May’s soft hardware numbers “can be partially attributed” to the comparison with May 2023’s launch of a Switch-selling Zelda sequel, Circana’s Mat Piscatella noted.
But PS5, Xbox Series and Switch sales are all down double digits for 2024 compared to the same point in 2023, per Circana.
The firm says PS5 unit sales are 8% ahead of PS4 sales at this point since the consoles’ launch but shared that Xbox Series devices trail the prior-gen Xbox One by 13%.
🤔 The $8 billion merger of Skydance and Paramount that will see the former entity take control of the combined group has at least slight relevance to the game industry. Skydance is developing a pair of big budget Marvel and Star Wars games and today promoted its ability to help Paramount make “significant entrees into burgeoning new entertainment… verticals.”
Paramount, for its scale and reach in movies and television, does not have a sizable gaming operation.
💰 EA is altering the monetization around its battle royale game Apex Legends, swapping out the game’s $10 paid battle pass of unlockable rewards per 90-day seasons for a $10 paid battle pass per 45-day half-seasons. That effectively doubles the price of keeping up with the game’s drip feed of bonus content.
EA is also removing the ability for players to purchase battle passes with in-game currency that they earned by playing through the prior season.
The publisher said in May that Apex has generated $3.4 billion in net bookings (read: player spending) since its early 2019 launch, but it also noted that revenue from the game in the first three months of 2024 had declined compared to the same period a year ago.

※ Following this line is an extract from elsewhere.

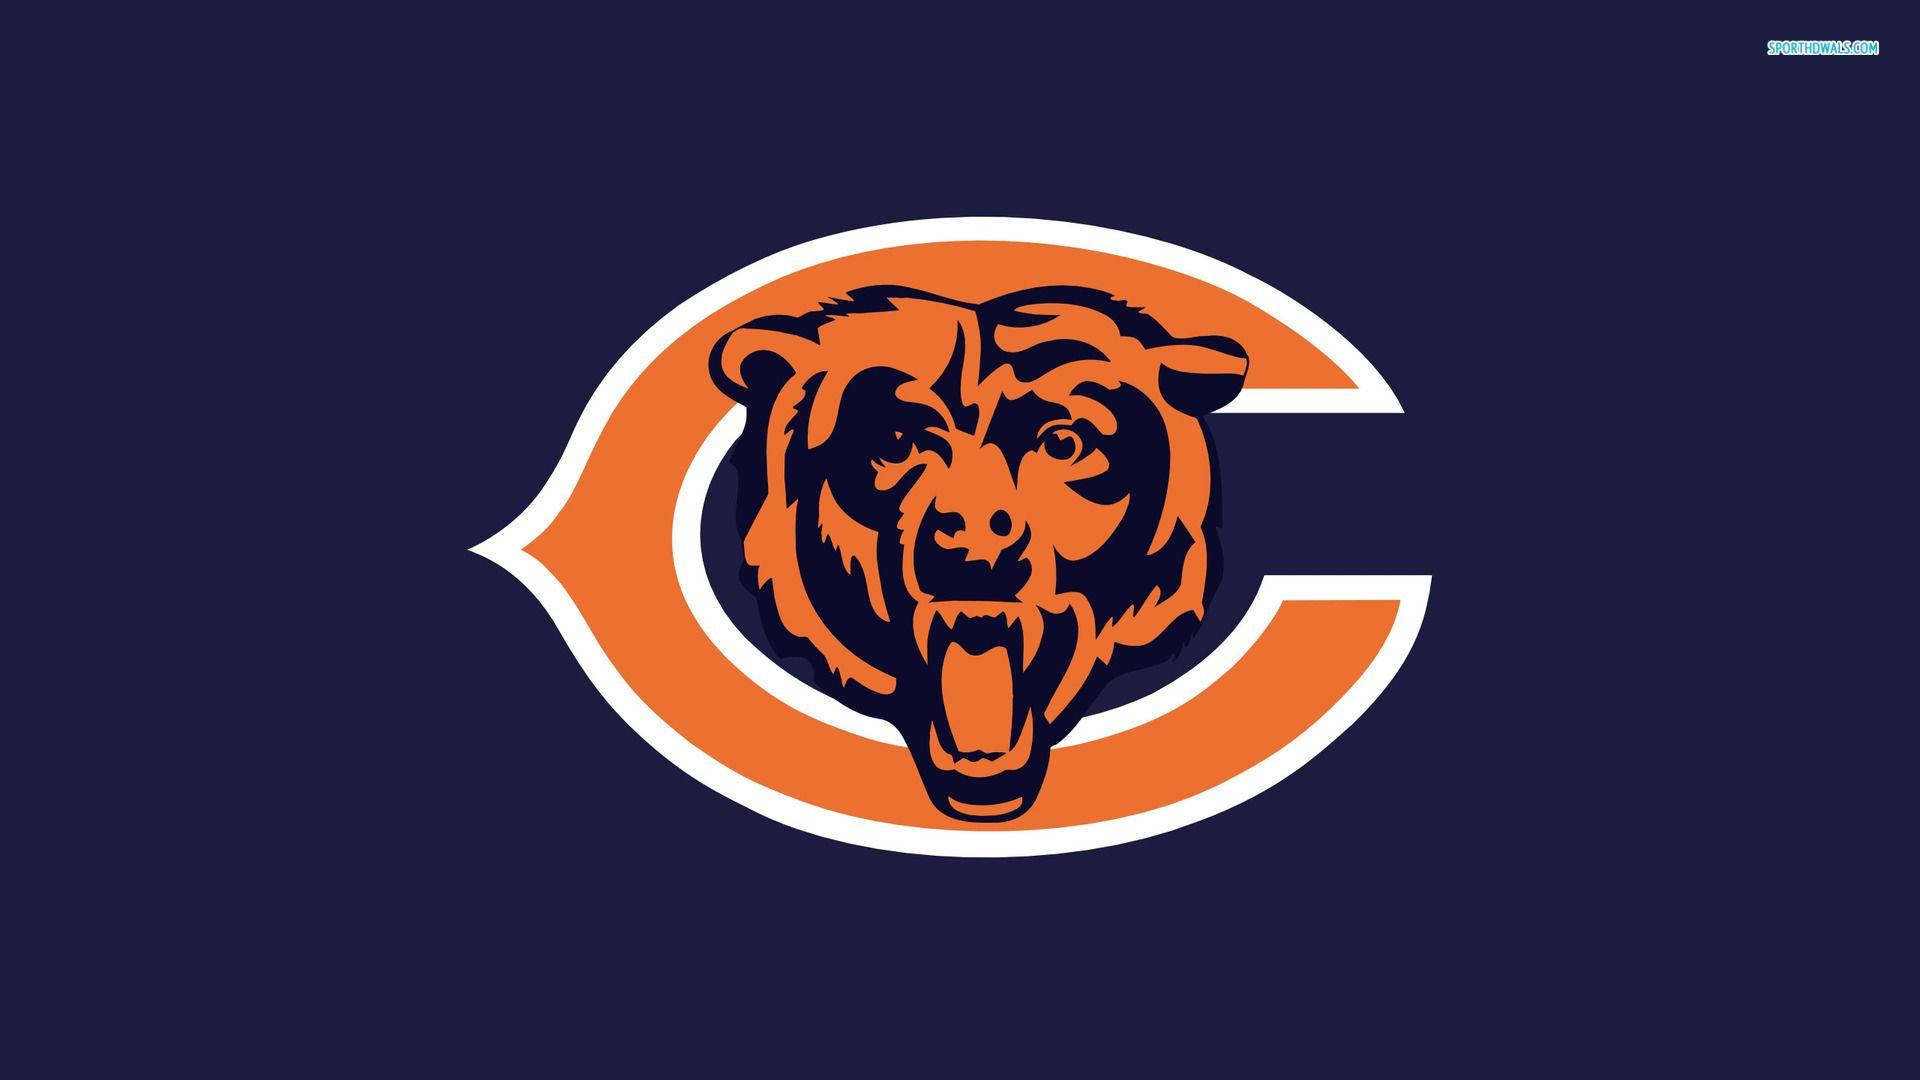 10 Chicago Bears HD Wallpapers and Backgrounds
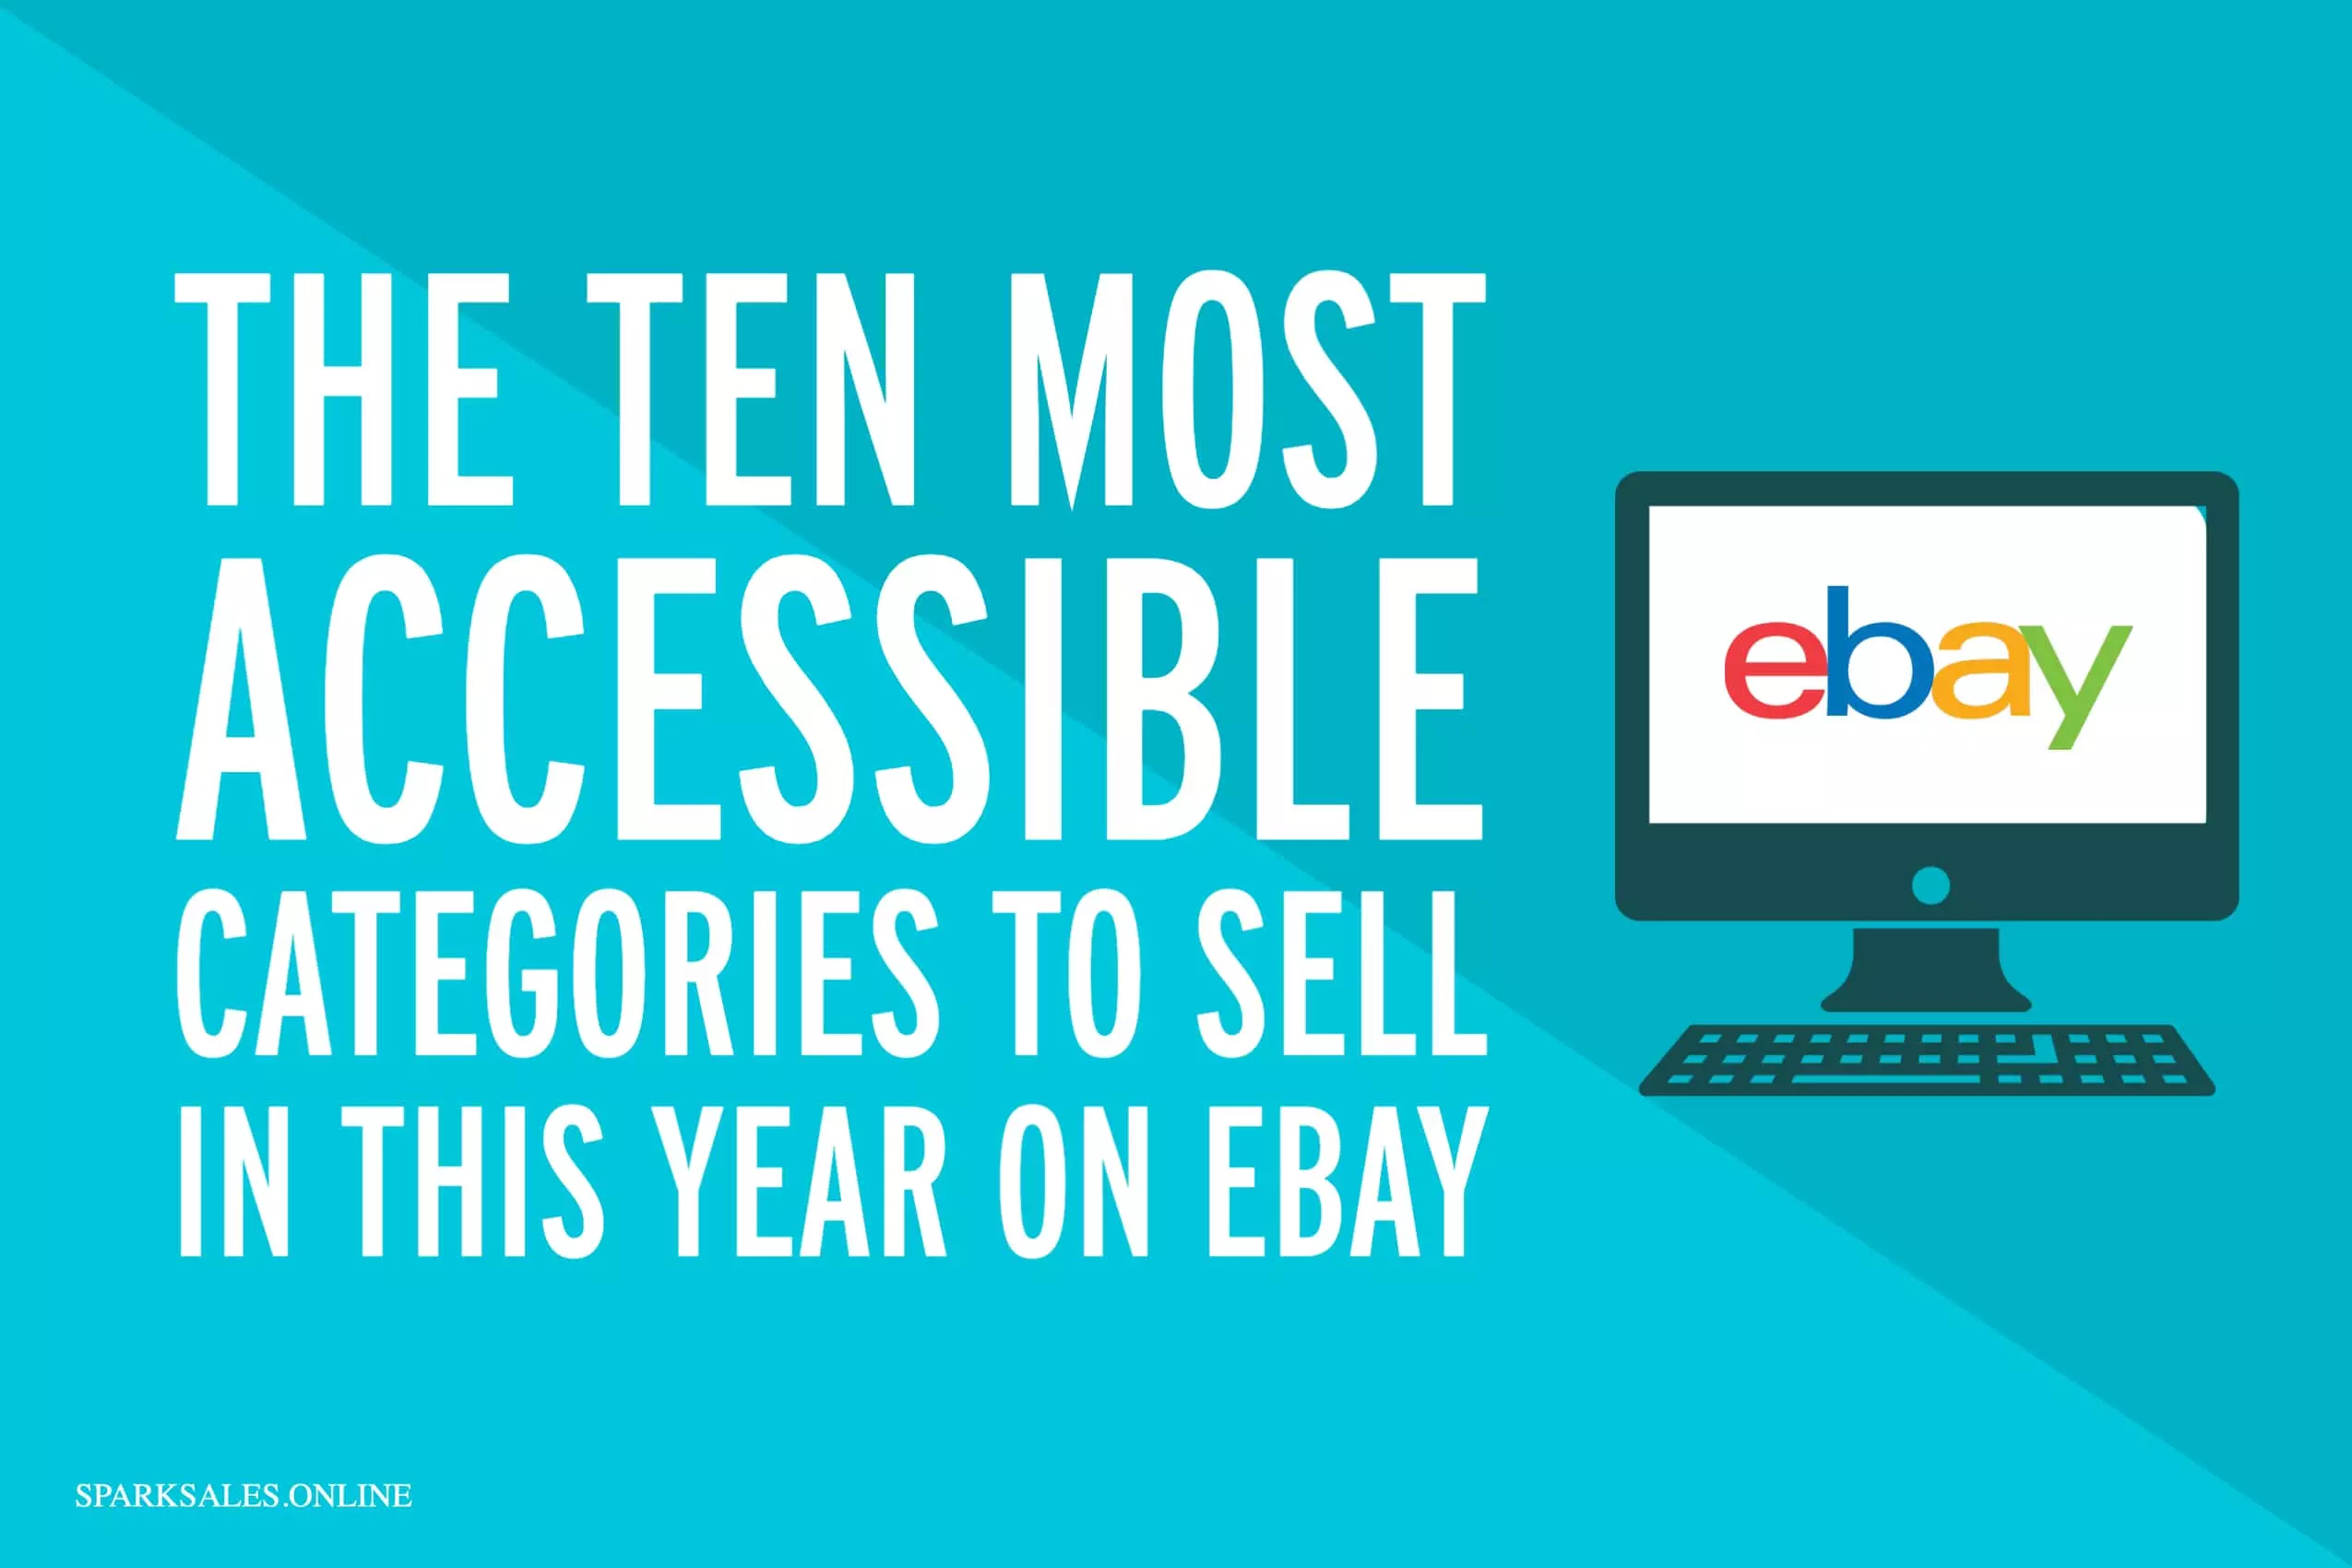 The ten most accessible categories to sell in this year on eBay

🔍 Game creators behind 2011 Rockstar-backed detective game L.A. Noire are not creating a new psychological thriller called Sowden House, despite an Australian composer’s recent social media post saying they are, VGC reports.
Sowden House was “more of a tech demo,” a rep for Video Games Deluxe (a studio led by members of Team Bondi, the original L.A. Noire studio) said over the weekend. The studio said they “decided to finish the score commission to support a local composer” but are otherwise “working exclusively on projects for Rockstar.”
😲 MiHoYo’s latest free-to-play game, Zenless Zone Zero, has been downloaded 50 million times, according to the publisher. After a series of betas, the sci-fi game launched on mobile, PC and PlayStation last week, as MiHoYo hopes for another Genshin Impact scale hit.
🪓 Blumhouse Games’ nine upcoming low-budget games are part of a horror game boom happening across the medium, Games Industry reports.
☹️ Kotaku Australia (a licensed off-shoot of the U.S. based gaming news and opinion site Kotaku) is shutting down, as Australian publisher Pedestrian Group bails on licensing multiple media brands, The Guardian reports.
🎮 The New York Post is unhappy that New York City spent $59,260 on video games for inmates last this year, ”including [on] dozens of copies of bloody fighting titles such as Mortal Kombat 1 and Street Fighter 6, as well as this year’s Madden NFL and NBA 2K24.”
Access to the games is reportedly used to incentivize good behavior.
The Post last hit the games-in-prisons topic in spring 2020, when its angle was that $82,000 spent on knock-off Game Boys for prisoners isolated during a pandemic should have been spent on more masks.